- Work to complete: Would you copy the records below, exactly and only from their first line through the line containing "Anioł / Angel.", without any pictures?

- Dataset excerpts:

◇ ◇ ◇ ◇ ◇

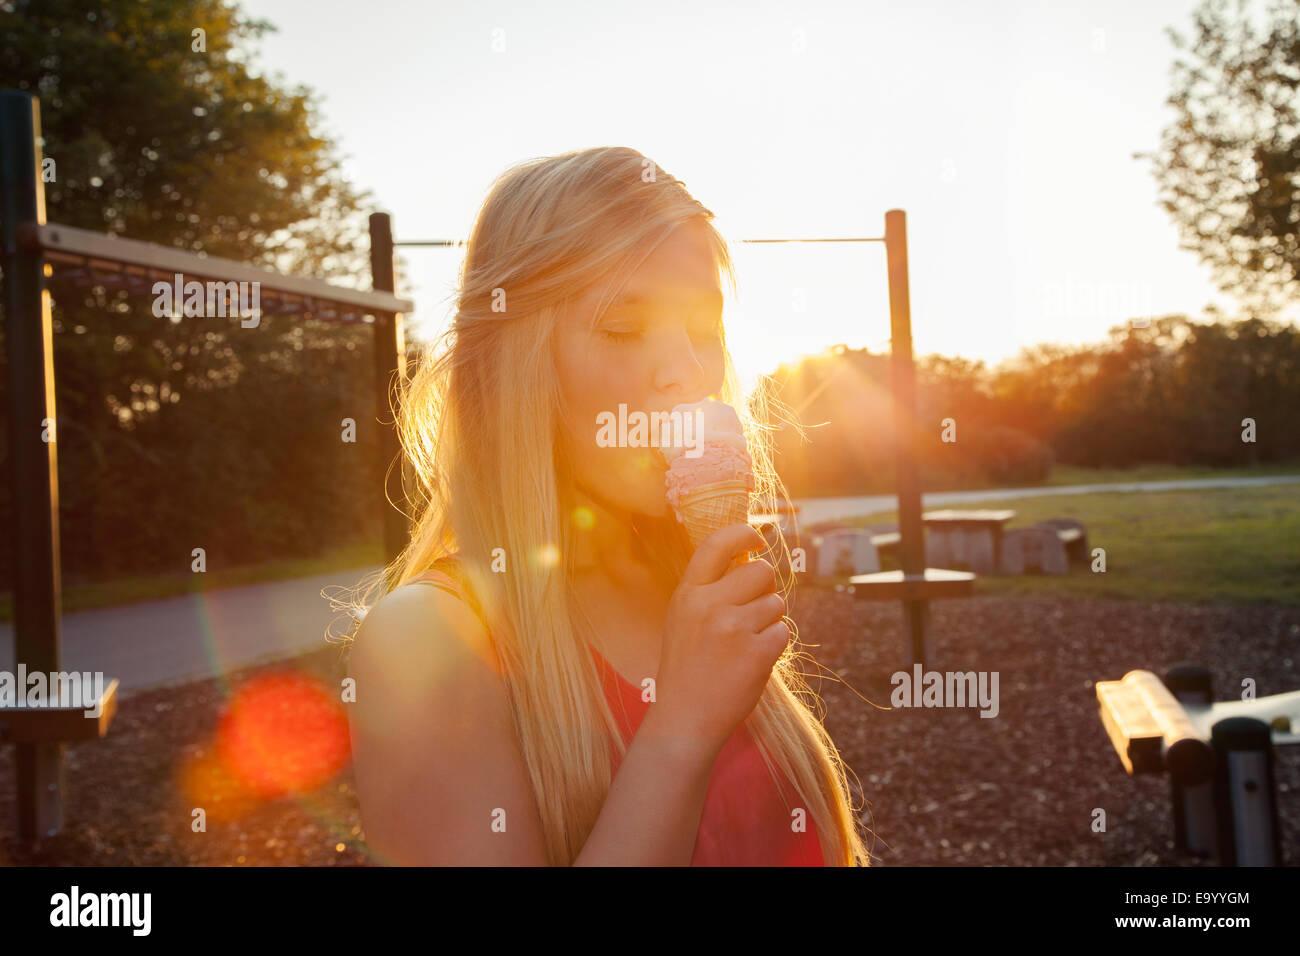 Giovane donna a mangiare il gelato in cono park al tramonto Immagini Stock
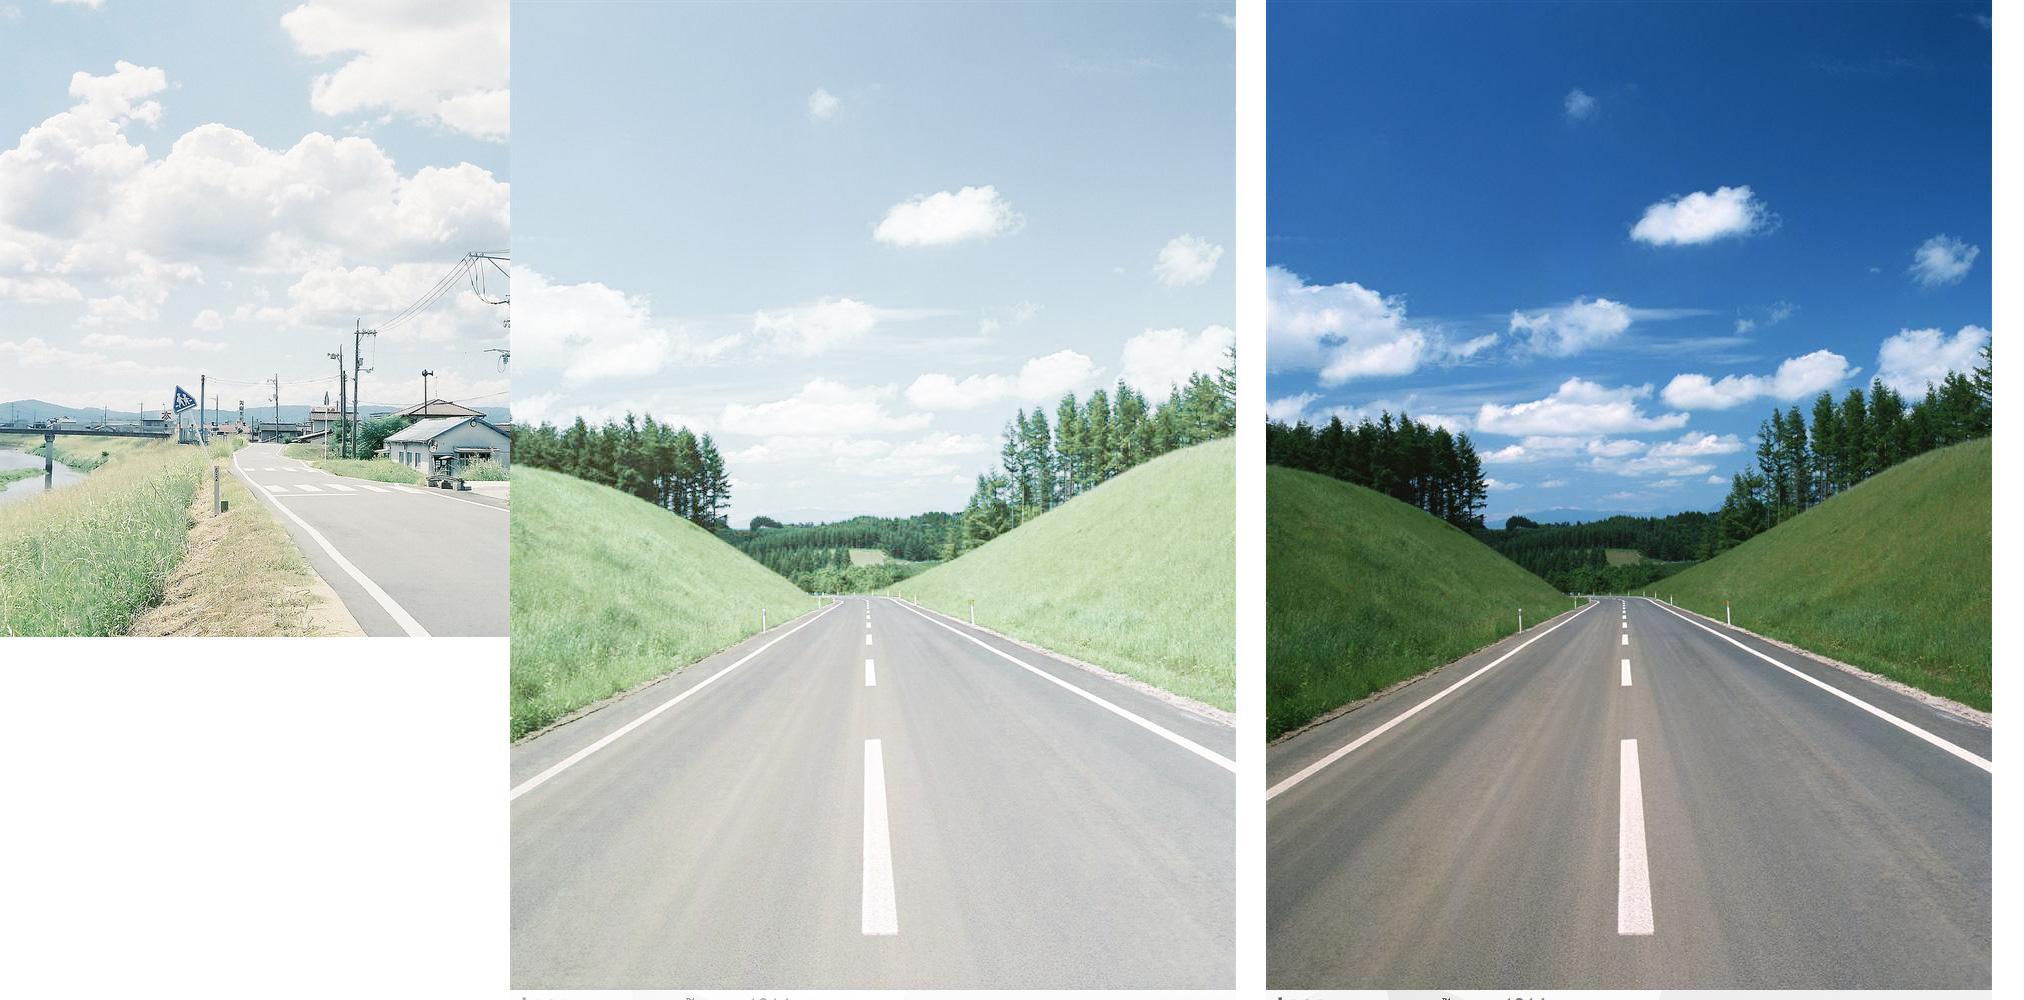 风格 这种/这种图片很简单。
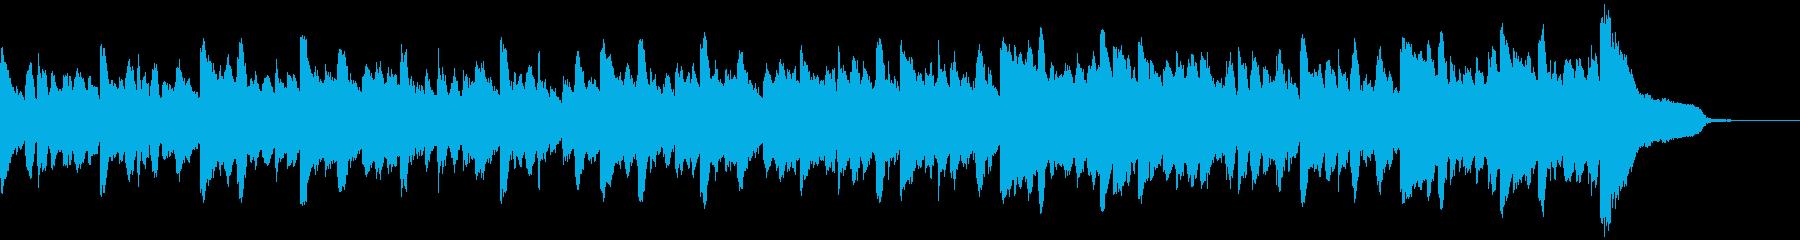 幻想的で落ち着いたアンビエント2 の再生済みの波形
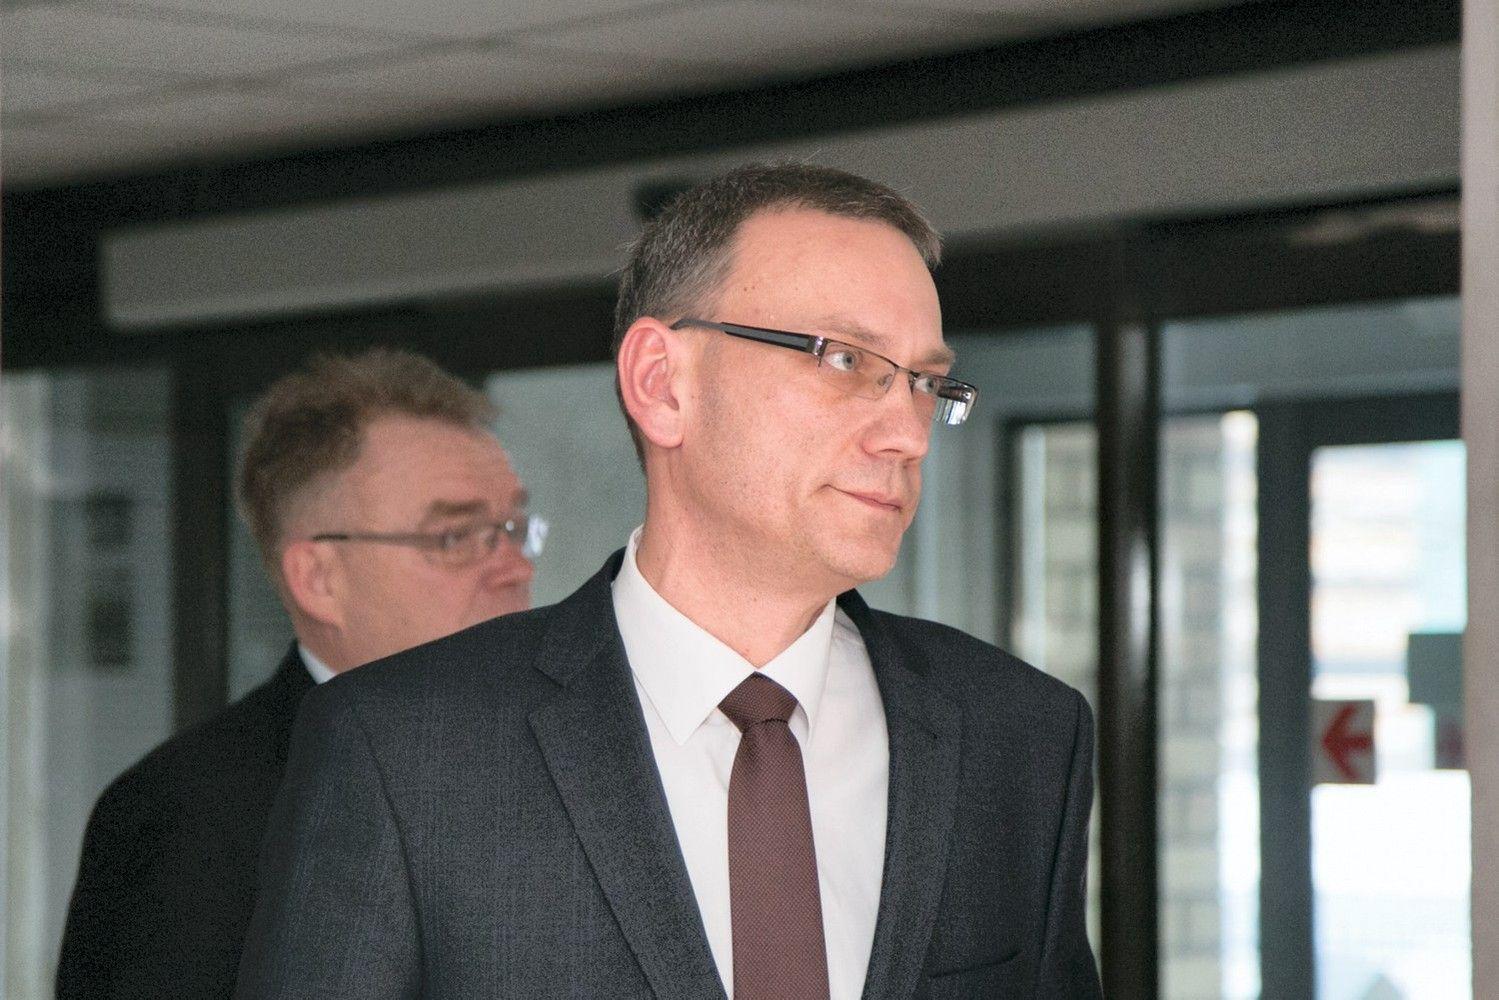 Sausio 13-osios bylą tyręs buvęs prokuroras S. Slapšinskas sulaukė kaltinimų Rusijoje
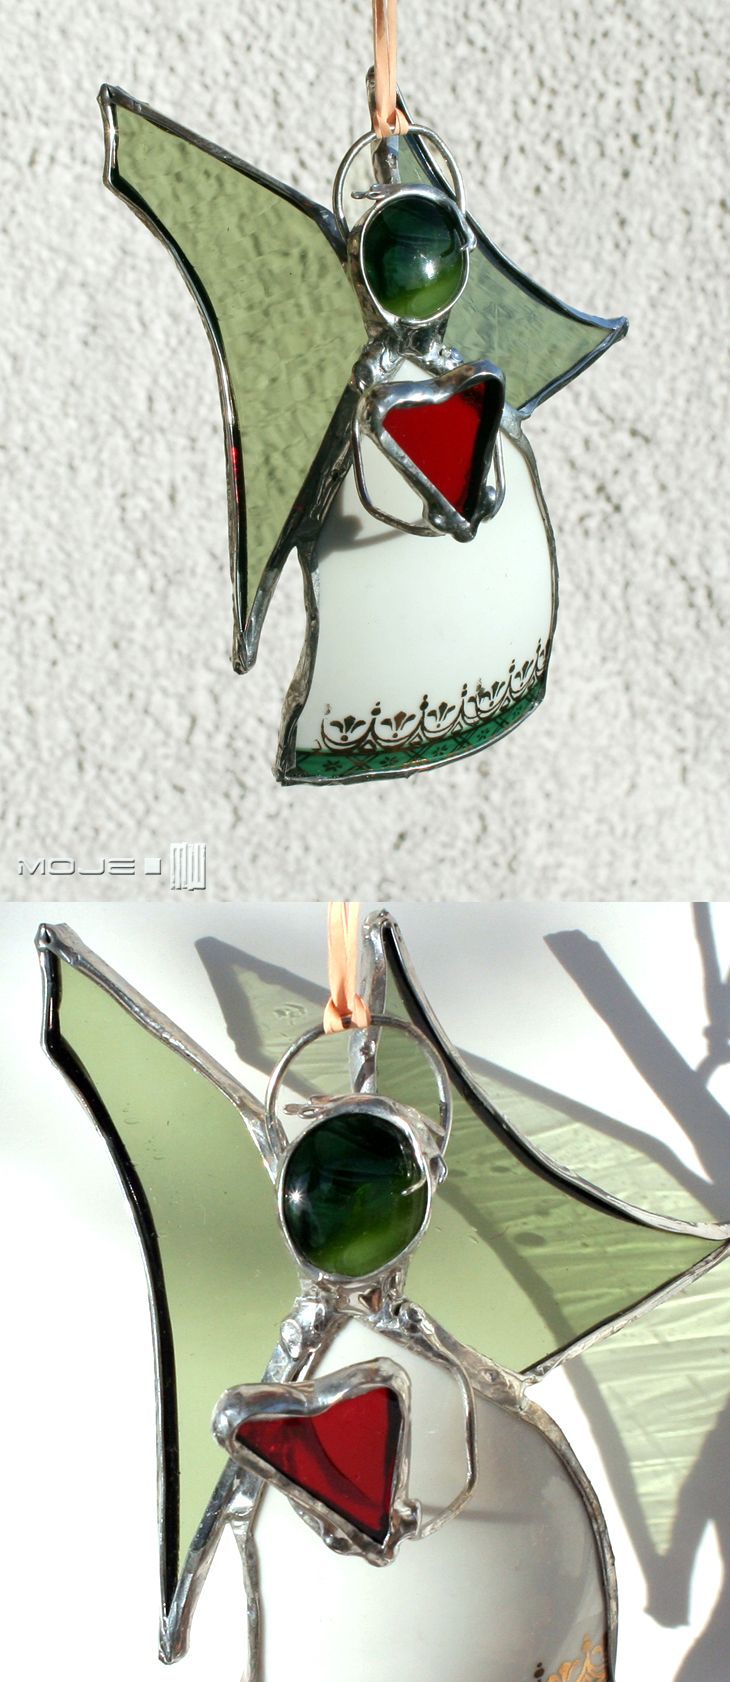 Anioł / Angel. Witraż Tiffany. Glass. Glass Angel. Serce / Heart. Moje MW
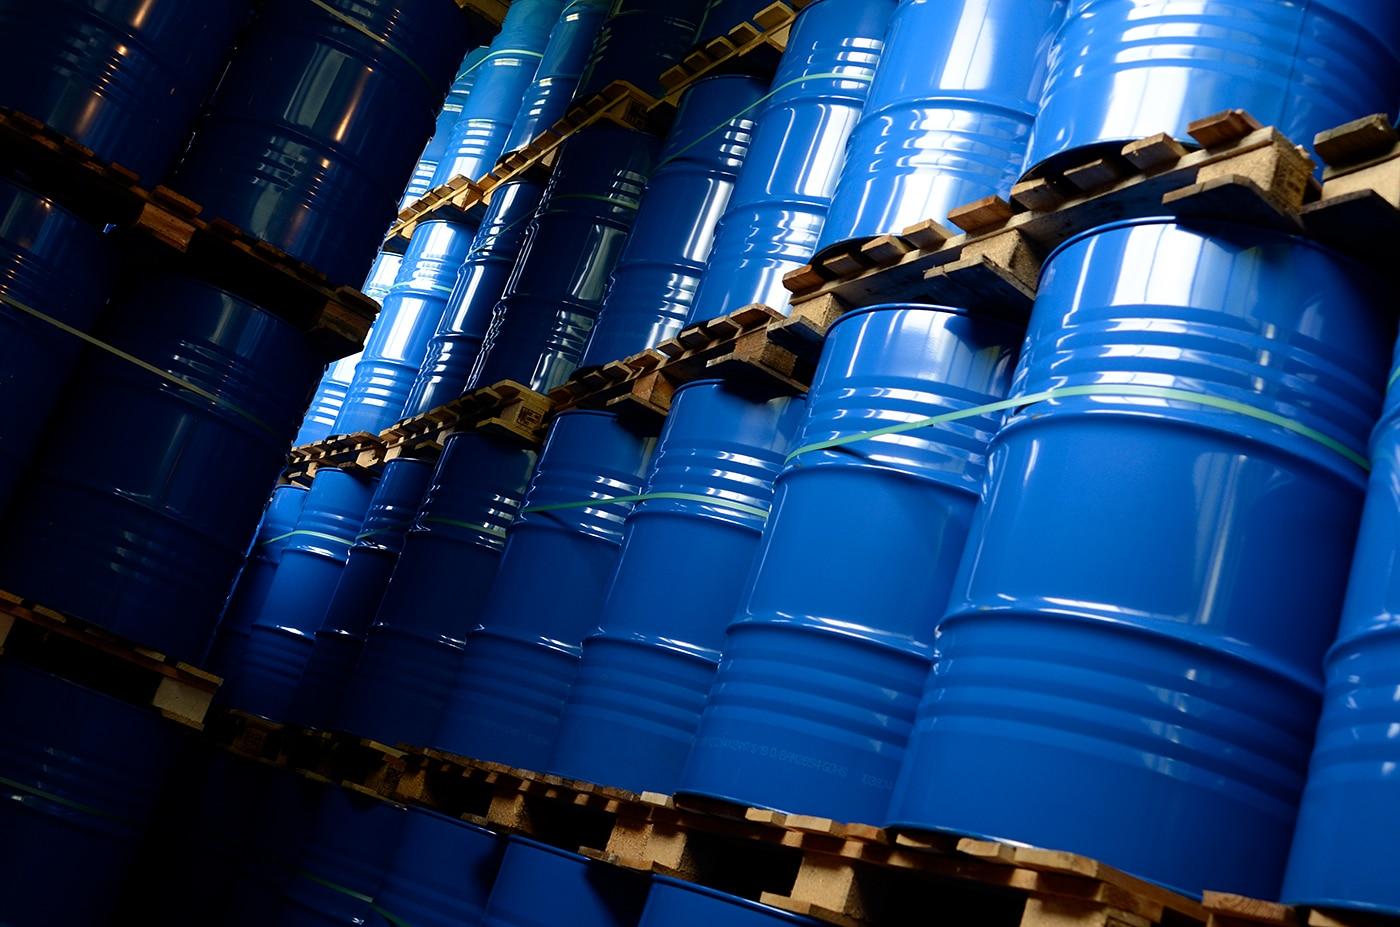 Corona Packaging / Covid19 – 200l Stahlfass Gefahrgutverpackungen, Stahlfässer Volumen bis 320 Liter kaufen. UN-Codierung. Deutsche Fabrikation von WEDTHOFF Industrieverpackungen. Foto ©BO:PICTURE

◇ ◇ ◇ ◇ ◇

- Task result:
 Giovane donna a mangiare il gelato in cono park al tramonto Immagini Stock
 风格 这种/这种图片很简单。
 幻想的で落ち着いたアンビエント2 の再生済みの波形
 Sausio 13-osios bylą tyręs buvęs prokuroras S. Slapšinskas sulaukė kaltinimų Rusijoje
 Anioł / Angel. Witraż Tiffany. Glass. Glass Angel. Serce / Heart. Moje MW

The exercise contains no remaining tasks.